Blaine sighed, enveloping Kurt's hand in both of his. "Kurt, "he looked into his fiancé's eyes, "your desire to please people, to make them happy, comes from a place of true caring. I've said it before—you are one of the most compassionate people I've ever met, and it's part of why I love you so much. You care because it comes naturally to you, and because you've had some wonderful examples of that in your life. I hate more than anything that somebody took advantage of that, that somebody took that from you.

"I'm different. I like to please people, yes, but it's because I need acceptance and I need to be good enough. It's because I was never good enough for my parents or my brother, and so I've always tried my hardest to find that in other places. But being good enough for you—taking care of you—that's the most important and precious thing I've had in my life. It means the world to me every time you say you're proud."

Blaine's voice cracked on the last sentence, and he saw that Kurt was blinking back tears. "That's why I want us to do this—because it's something you need, and it's something I need, and there's nothing wrong with that. It's another way that we can be good together, and it makes me so happy that we fit this way. I don't want you to ever, ever be ashamed."

Kurt lifted their joined hands, brushing a kiss across Blaine's knuckles before nuzzling his cheek against Blaine's skin. "I want to, I just... it's hard for me to trust, being that.
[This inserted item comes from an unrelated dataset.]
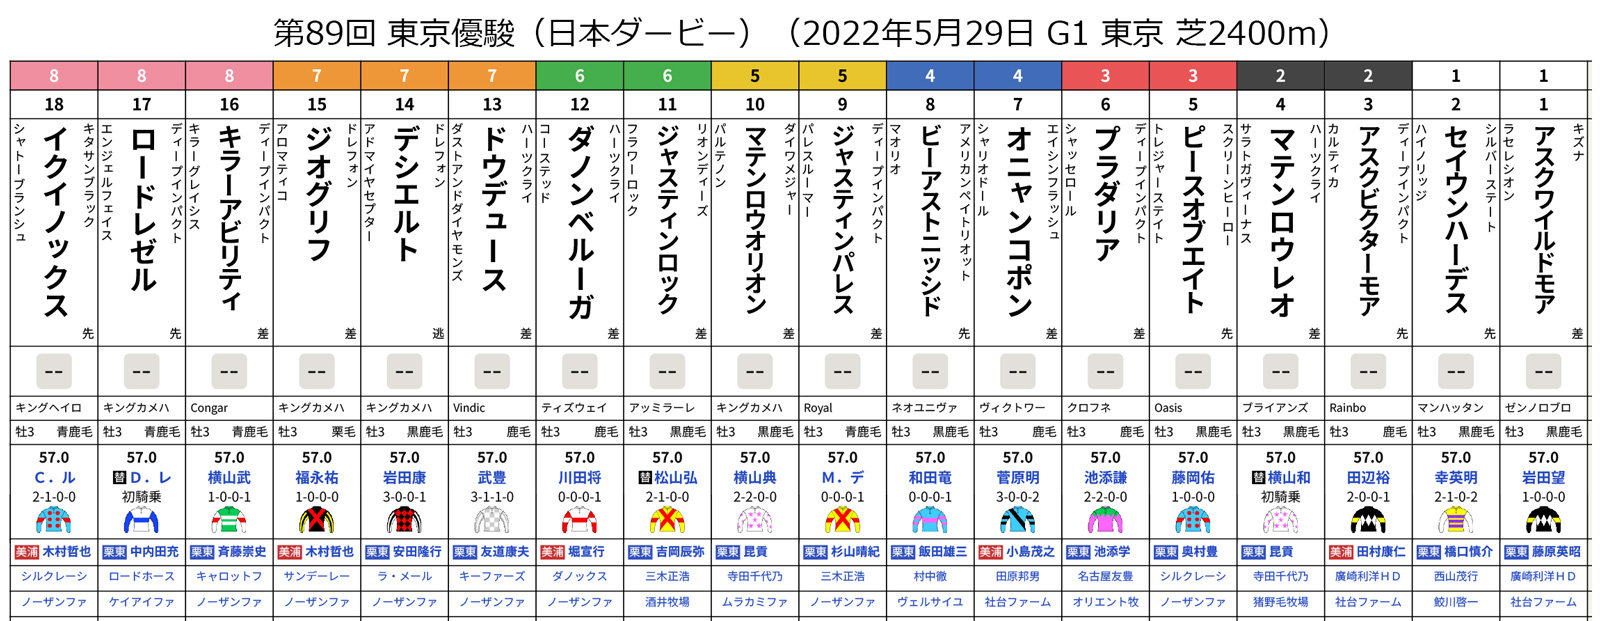 【日本ダービー 2022 枠順】ジオグリフは7枠15番、ドウデュースは7枠13番、イクイノックスは8枠18番 | 競馬まとめ - netkeiba.com - netkeiba.com

I feel so... so vulnerable... and I don't want anyone to see, to know..."

"I'm not anyone," Blaine said sincerely. "I'm just Blaine."

Kurt smiled, watery but beautiful, and Blaine knew that he'd managed to find the perfect thing to say.

"Okay," Kurt whispered after a moment.

"Okay?" Blaine was unable to mask the excitement in his voice, unable to believe it was this easy after the chaos of the morning.

"Yes," Kurt repeated. "We can talk about it. We can... try."

Blaine beamed at him. "I love trying things with you."

Kurt leaned forward, kissed him softly then pressed their foreheads together. "I just love you."